The results of our meta-analysis were promising; the pooled AUCs reached 0.90 for differential diagnosis and 0.85 for prognostic prediction, indicating a relatively high accuracy in categorizing different pathological subtypes and predicting the prognoses of patients with OC. According to Cochrane’s Q and Higgin’s I2 tests, studies included in the meta-analysis had high levels of heterogeneity, which a meta-regression analysis attributed to the influence of patient number, imaging modality, region of interest, and feature type.

Our study had some limitations. First, most included articles did not report the numbers of true/false positives or true/false negatives, and our calculation of these data from the available information might have introduced some errors. Second, studies predicting chemotherapy response were not included in the meta-analysis owing to insufficient data. Third, studies involved in the meta-analysis showed high heterogeneity; although we found significant correlations between such heterogeneity and certain factors, the latter may not have sufficiently explained the former. Fourth, the prognostic prediction studies included in our meta-analysis had a significant risk of publication bias, likely because we only included English-language articles and also because half of the studies comprised small sample sizes; reluctance to publish negative data may also have been a factor.

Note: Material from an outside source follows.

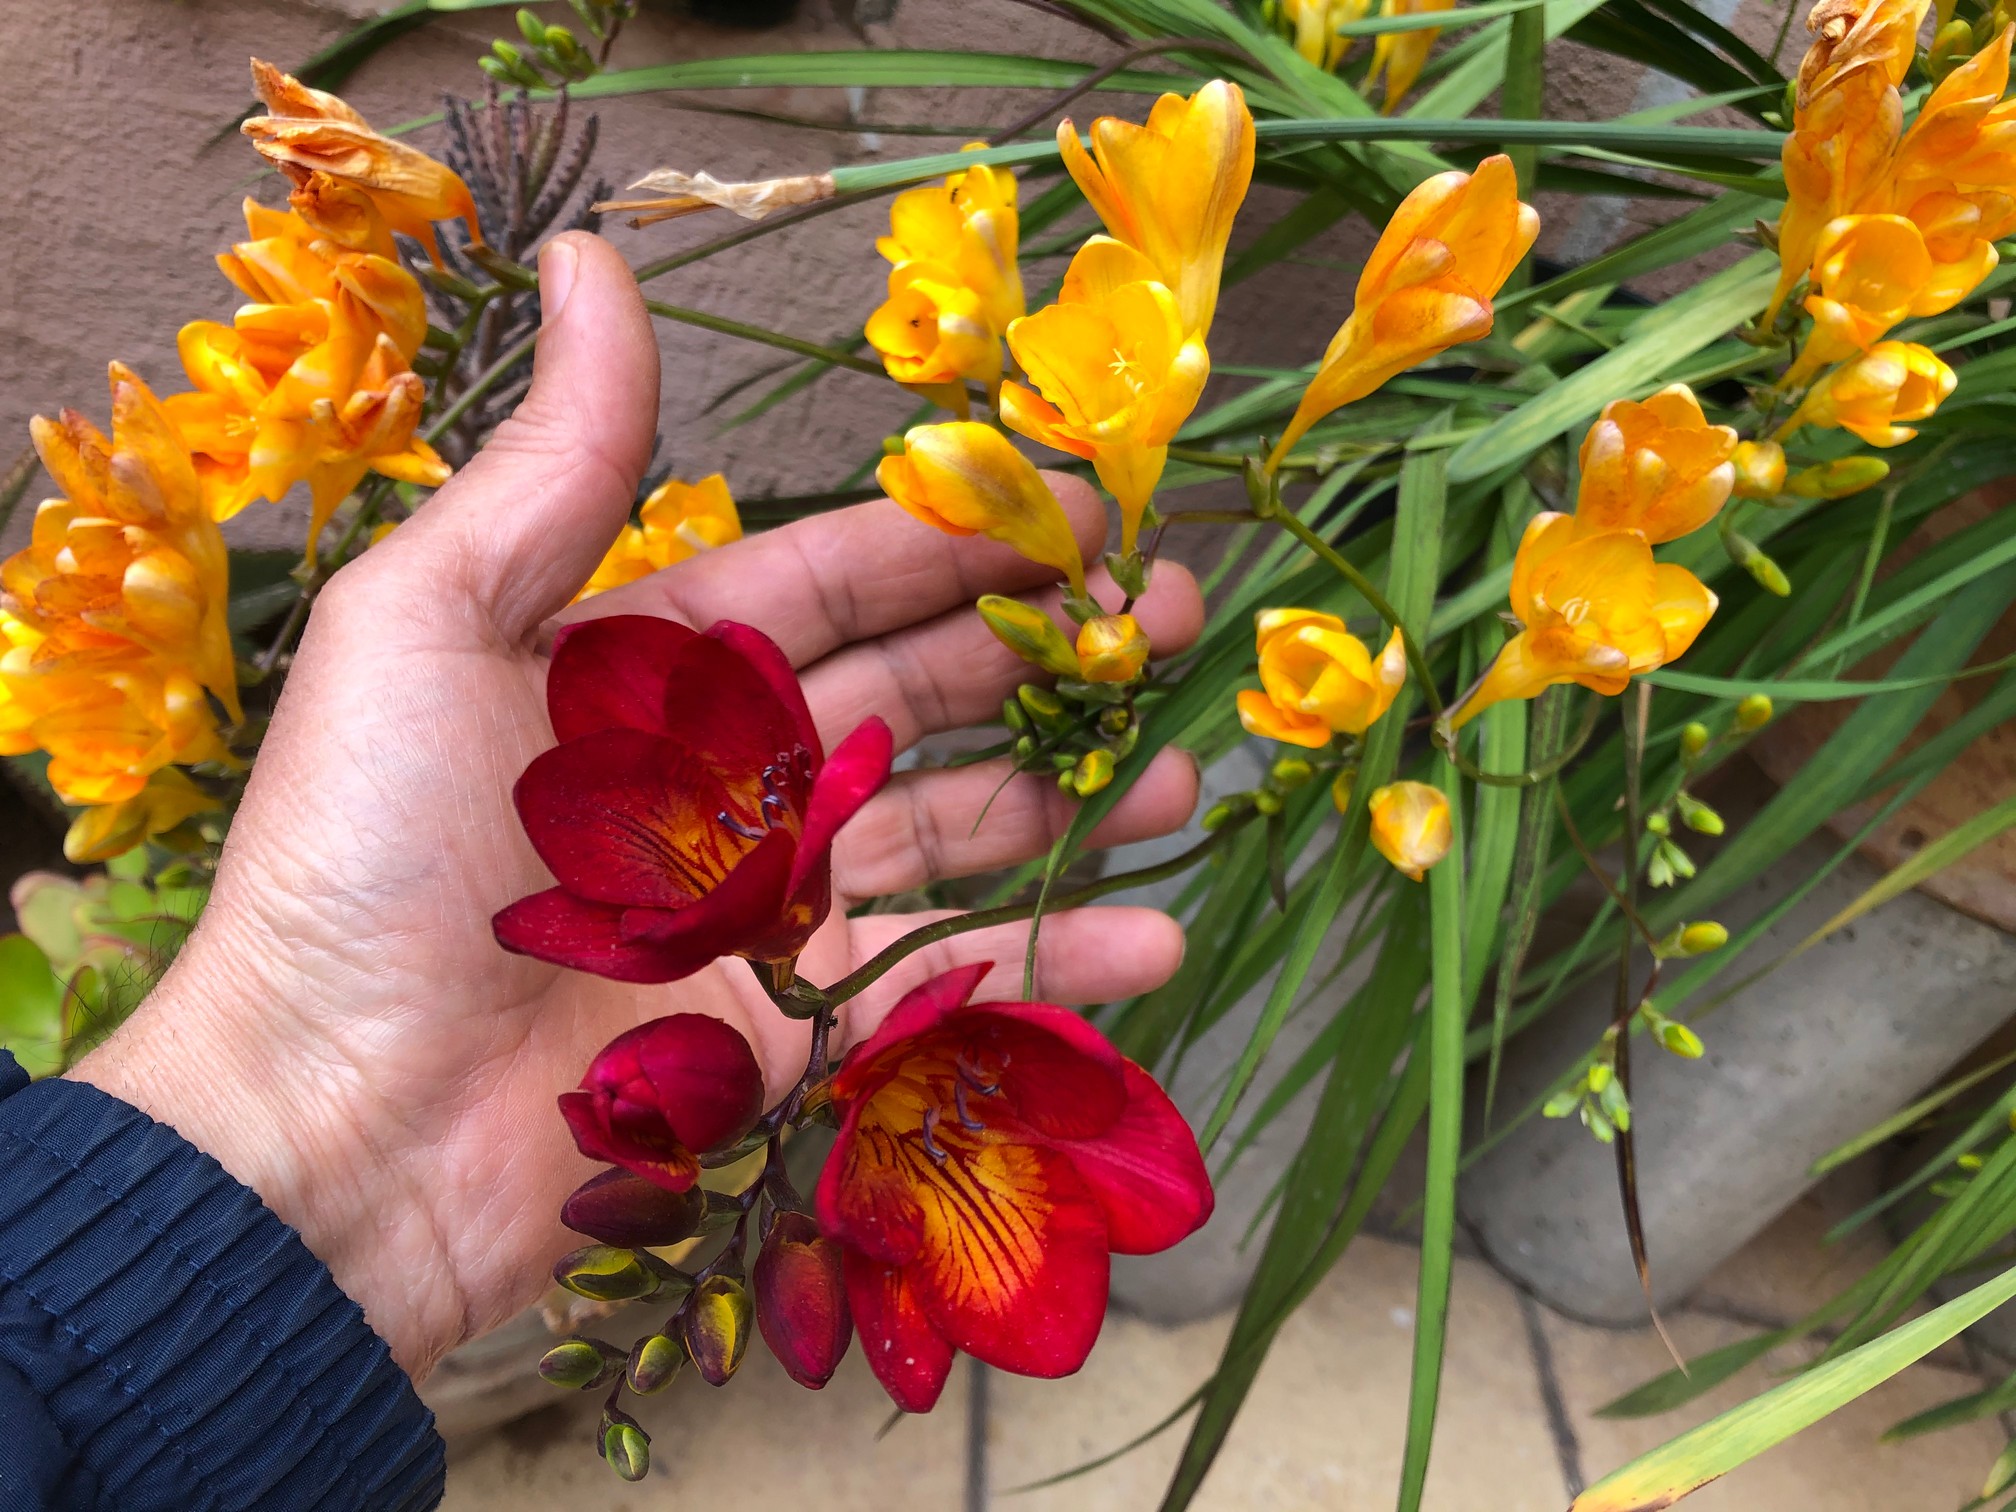 Freesia is an attractive flower, with a strong, pleasantly sweet, citrus-like scent. These lovely and beautiful flowers are easy to grow.
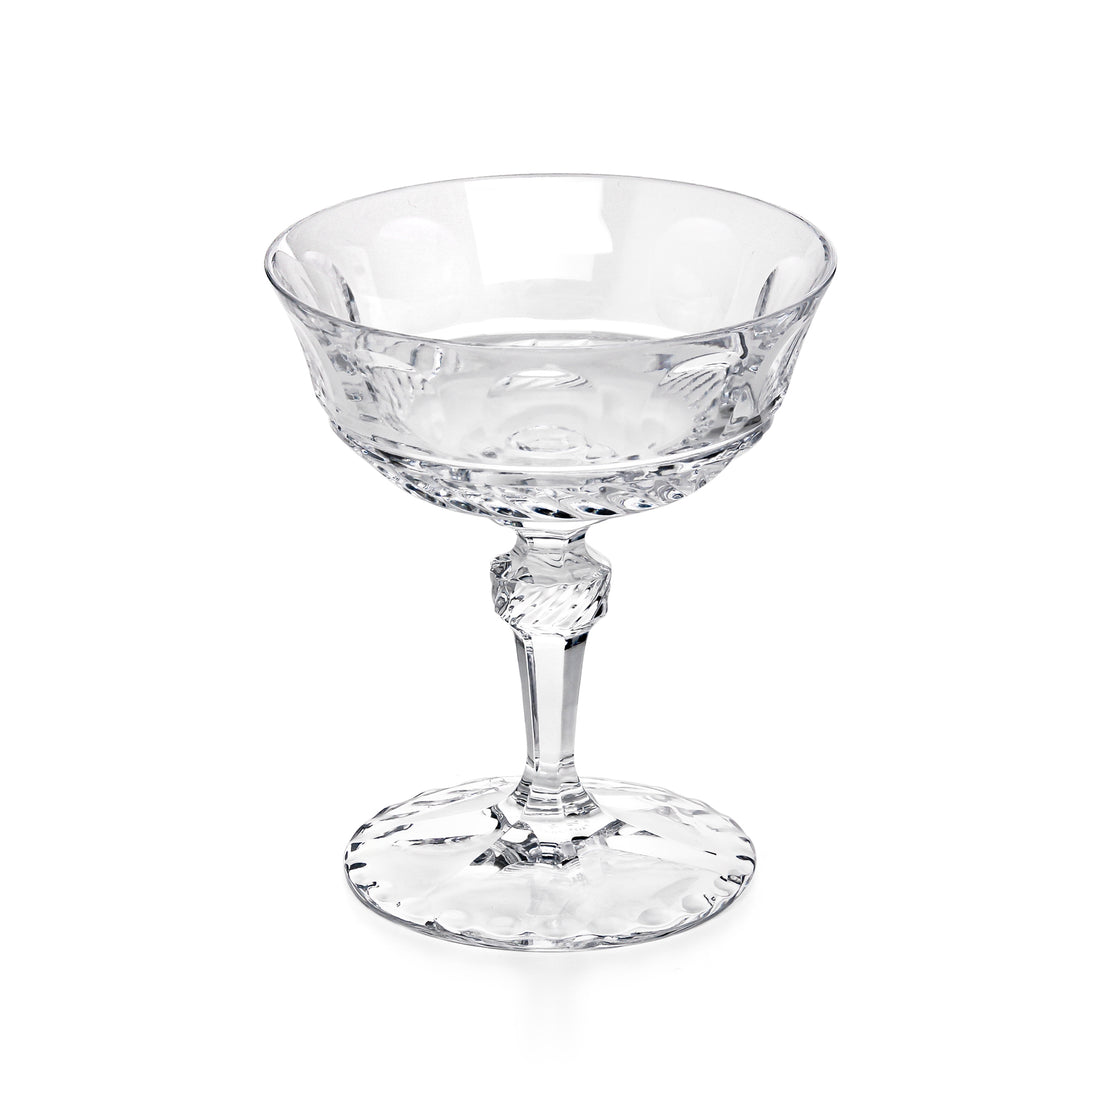 VILLEROY & BOCH Imperial Champagne Coupes/Desserts - Set of 6

In conclusion, radiomics analysis showed promise in terms of overcoming some current obstacles in determining differential diagnosis, chemotherapy response, and prognosis in patients with OC. Pairwise correlation analysis revealed a significant relationship between RQS and QUADAS-2 result or publication year, as well as between performance metrics and study aims. Additionally, our meta-analysis demonstrated the suitability of radiomics analysis for discriminating between various subtypes of OC and identifying prognostic factors through quantitative analysis. Given the generally low RQS ratings of all the included studies, the methodological quality of radiomics studies involving OC is lower than desirable; hence, more high-level evidence is required to develop effective radiomics models.